Kyiv stresses that it is not necessary to give the breakaway areas lasting autonomy, as this status would frustrate their desire to join the EU and NATO. Moscow and its representative in Donbas have “refused” to give Kyiv control of the region and the border before holding elections with Ukraine as a step towards reintegration.
Zelensky last month sparked one-on-one talks with Putin, something he has avoided so far during the conflict. Putin refused Zelensky’s request to join the front line and made a proposal to discuss bilateral relations — not the Donbas war — if Zelensky were to come to Moscow. Putin added that on the Donbas issue, Zelensky should hold talks with the leaders of the fugitive republics under Russian protection, and refuses to run for president of Ukraine.
“Putin has shown that he does not want to give Zelensky anything interesting, let alone reach a peace agreement,” said Danylo Lubkivsky, director of the Kyiv Security Forum. “Only international collective pressure can lead Putin to liberate these captive Ukrainian territories.”
Zelensky hopes the greater role of U.S. President Joe Biden, along with France and Germany, or in bilateral talks with Putin, could help push Moscow toward engagement.
“It is strategically important to bring Biden. . . America should be back at the table on two tracks to restore Ukraine’s territorial integrity, in Crimea and Donbas – because that is the issue of global security, ”Lubkivsky added.
But Kyiv is unclear how strong Washington will take on a new peace initiative. While Biden is a friend of Ukraine, his administration has Obama-era officials who were skeptical of deeper involvement in the U.S. six years ago. Secretary of State Antony Blink will visit Kyiv on May 5.
What the U.S. and other Western powers could do to help Ukraine regain its territorial integrity was a “serious problem,” senior State Department official George Kent told the Kyiv Security Forum last week. The challenge, he said, was to “try to change Russia’s cost calculations and behavior.”
One way for the U.S. to increase pressure on Moscow would be to withhold U.S. debt for issuing Russian-denominated Russian debt, Kent said.
But changing Russian behavior “is not easy. And no one has found a winning solution. “
Sarah Lain, a researcher at the Royal United Services Institute based in Kyiv, said expressions of solidarity with Western Kyiv are also important. Many capitals now see the Ukraine-Russia conflict as “part of Russian politics” rather than some bilateral conflict.
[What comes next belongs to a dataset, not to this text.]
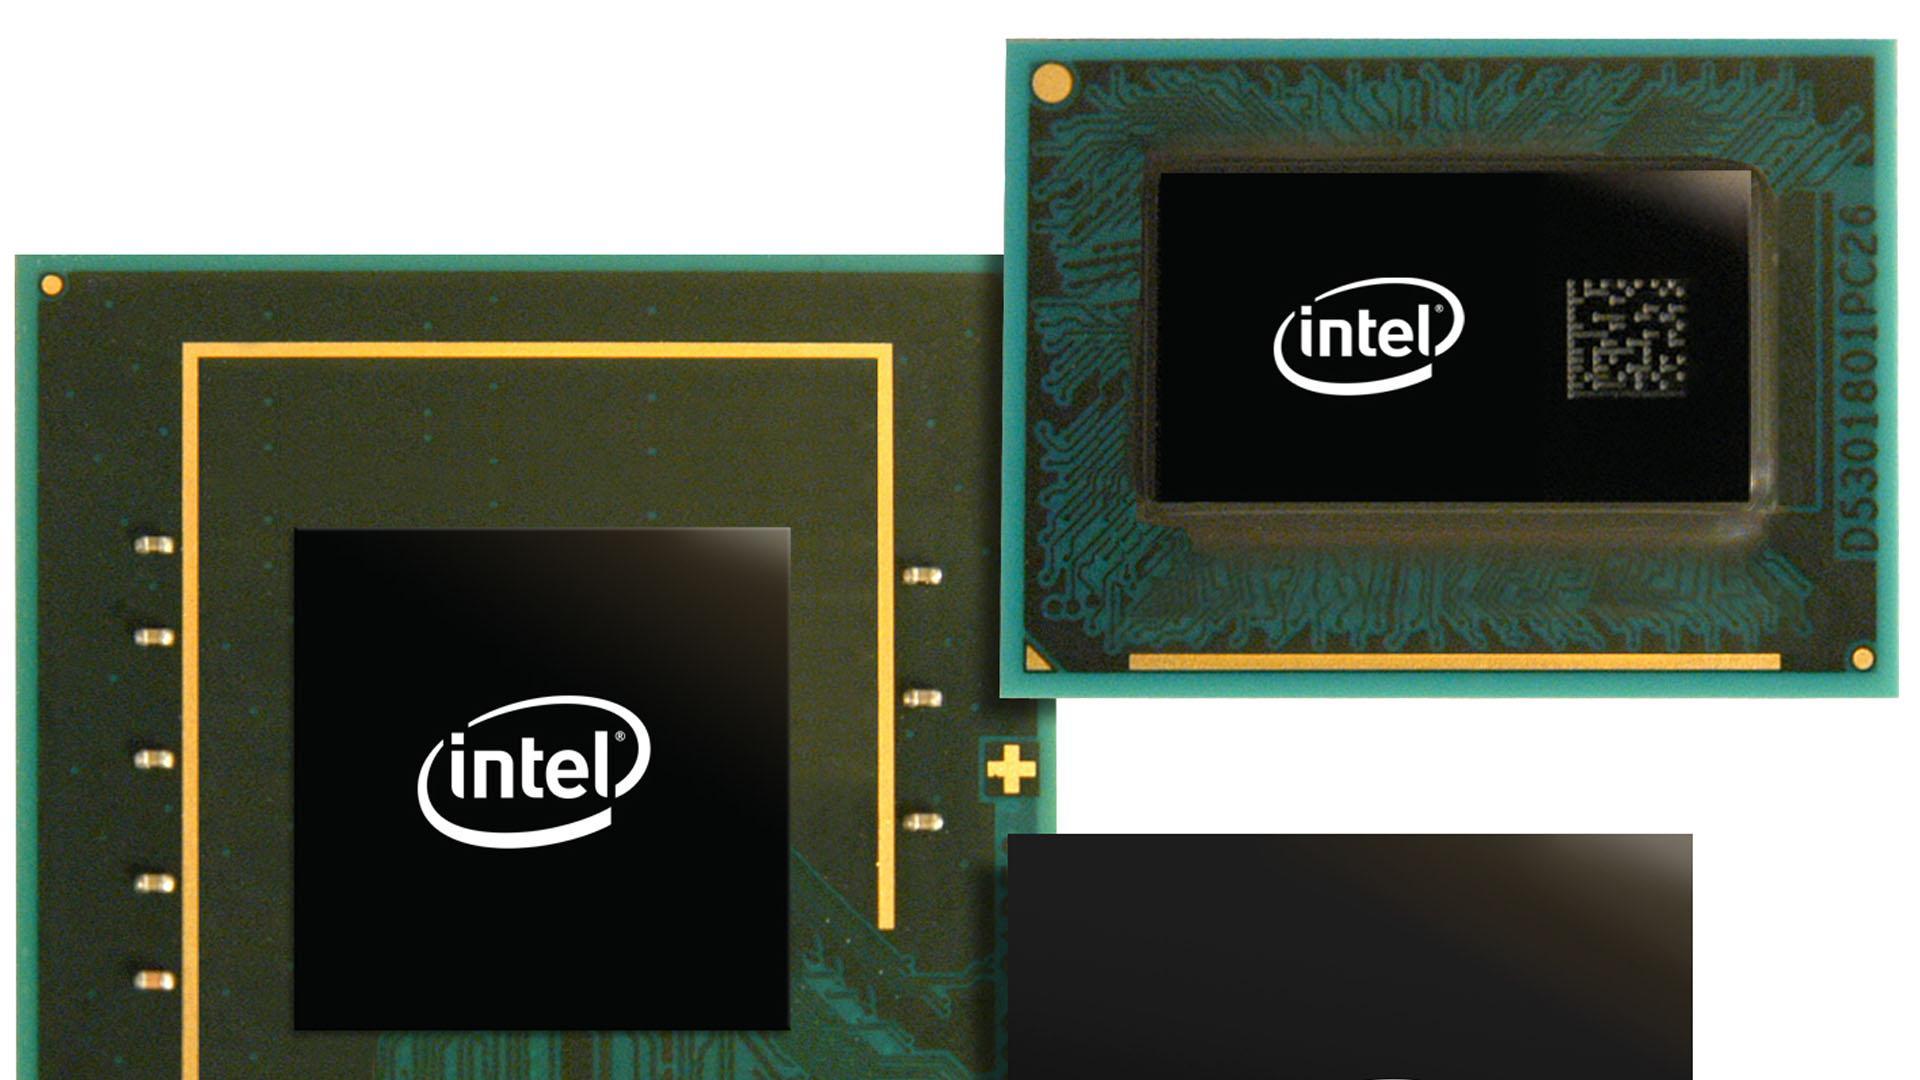 Tabela de codinomes dos chipsets da Intel

“That’s important for Zelensky to stand up,” he added.
Maria Zolkina, an analyst at the Kyiv-based Foundation for Democratic Initiatives, said that “Putin-dependent Russia will be able to return control of these territories under conditions acceptable to Ukraine if Russia finds itself in deep financial and technological constraints.”
“But the problem in the West is that no one will impose such sanctions, worried that it will increase Russia’s enemies,” he added.
Some Ukrainian analysts and officials have rejected a long-frozen conflict and say Kyiv’s best strategy is to rebuild the economy and modernize its state. A Ukrainian official described it as a “West German strategy”: to maintain Putin’s attention and create peace after Russia’s new leadership came to power, but from a position of relative strength.